Exercise materials:
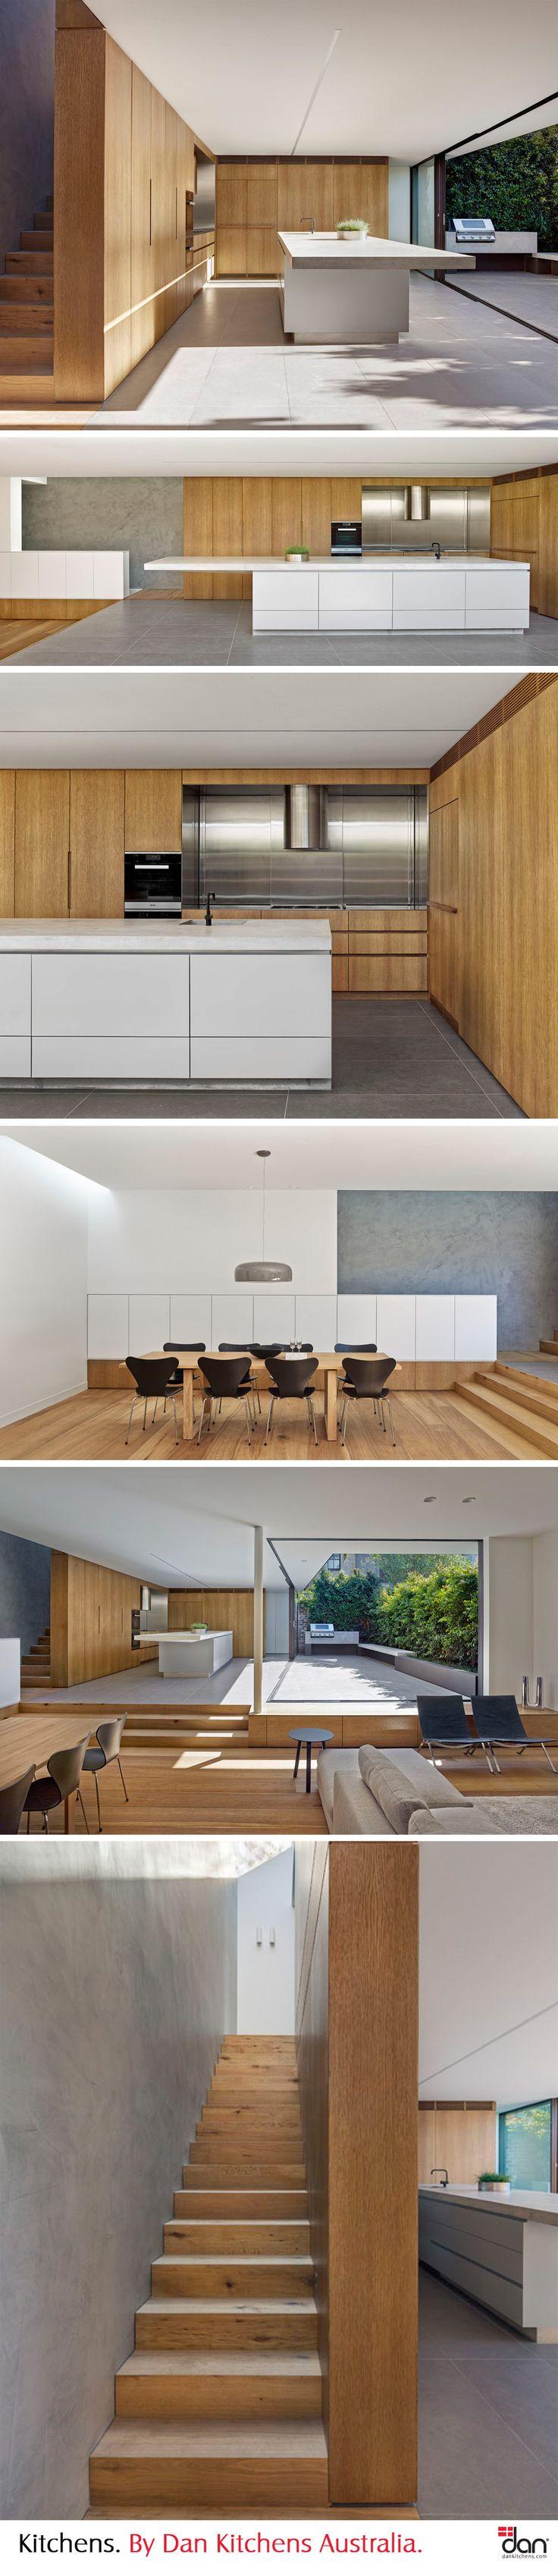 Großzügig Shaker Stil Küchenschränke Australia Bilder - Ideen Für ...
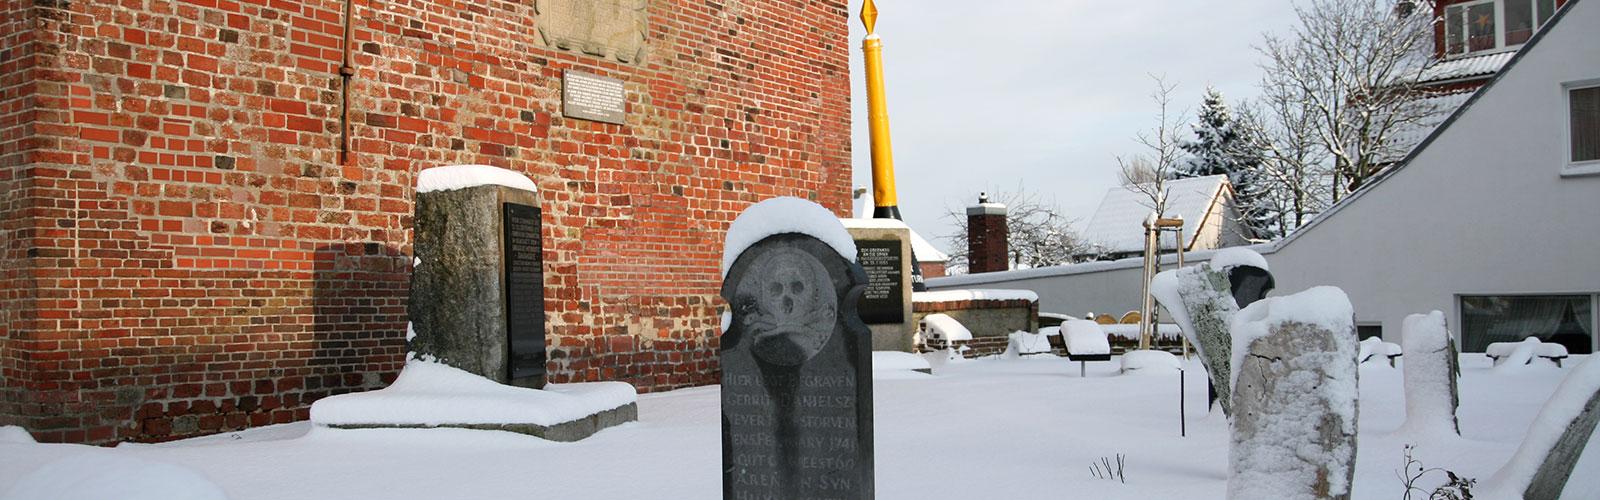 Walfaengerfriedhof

* * *

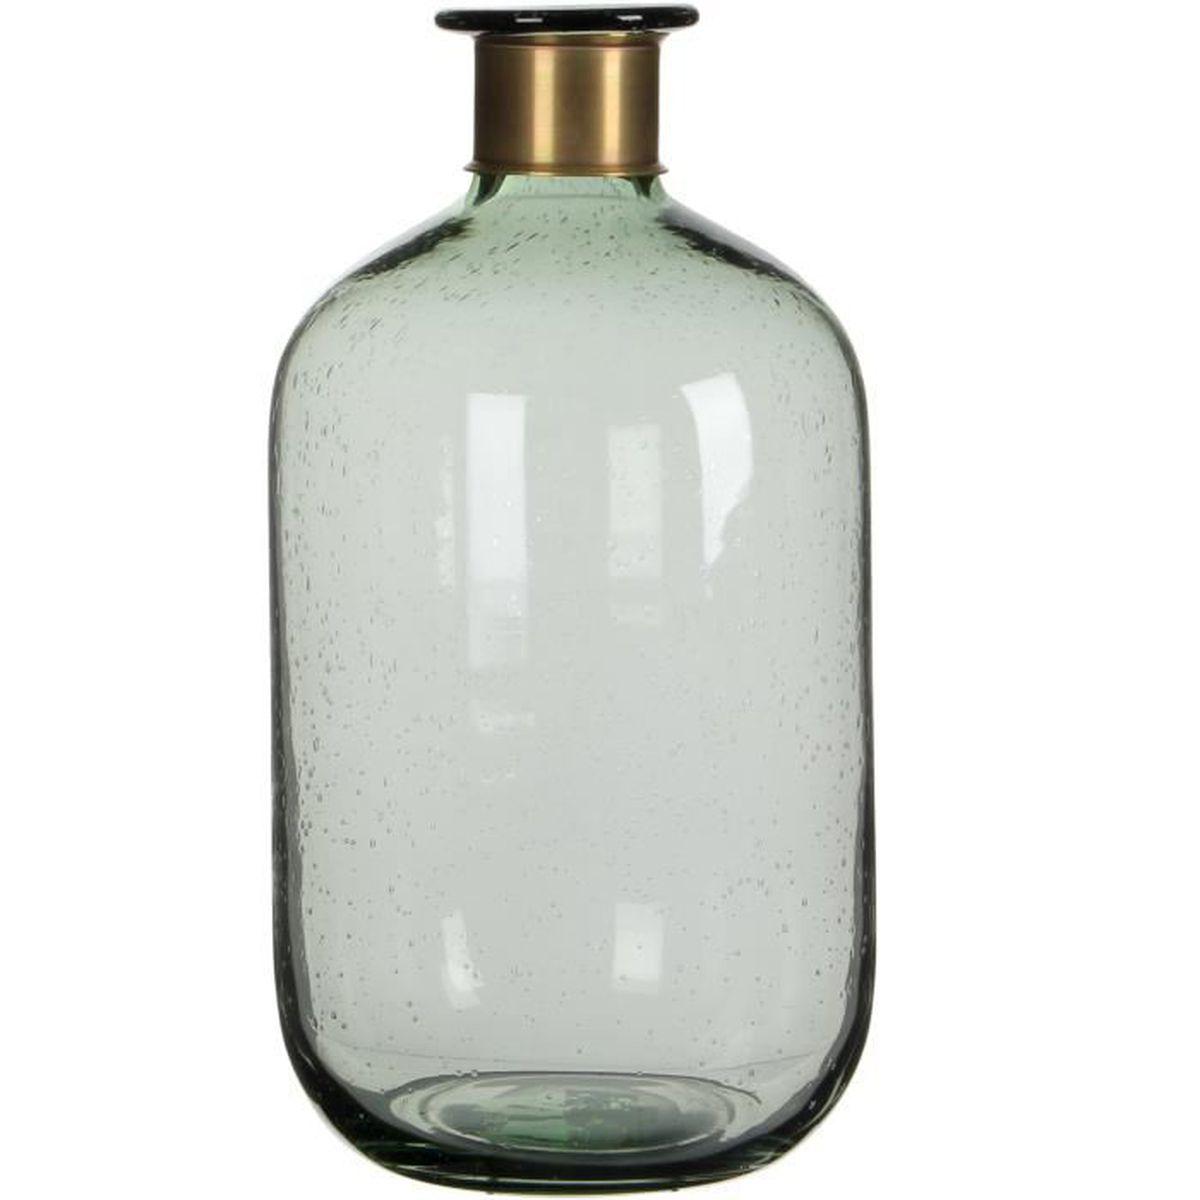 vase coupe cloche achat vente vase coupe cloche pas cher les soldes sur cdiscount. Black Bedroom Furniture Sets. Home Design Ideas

Work item: The copy should hold only the lines from the one with "Großzügig Shaker Stil" through the one with "Walfaengerfriedhof", exactly as they stand above. Leave out the pictures.

Exercise output:
 Großzügig Shaker Stil Küchenschränke Australia Bilder - Ideen Für ...
 Walfaengerfriedhof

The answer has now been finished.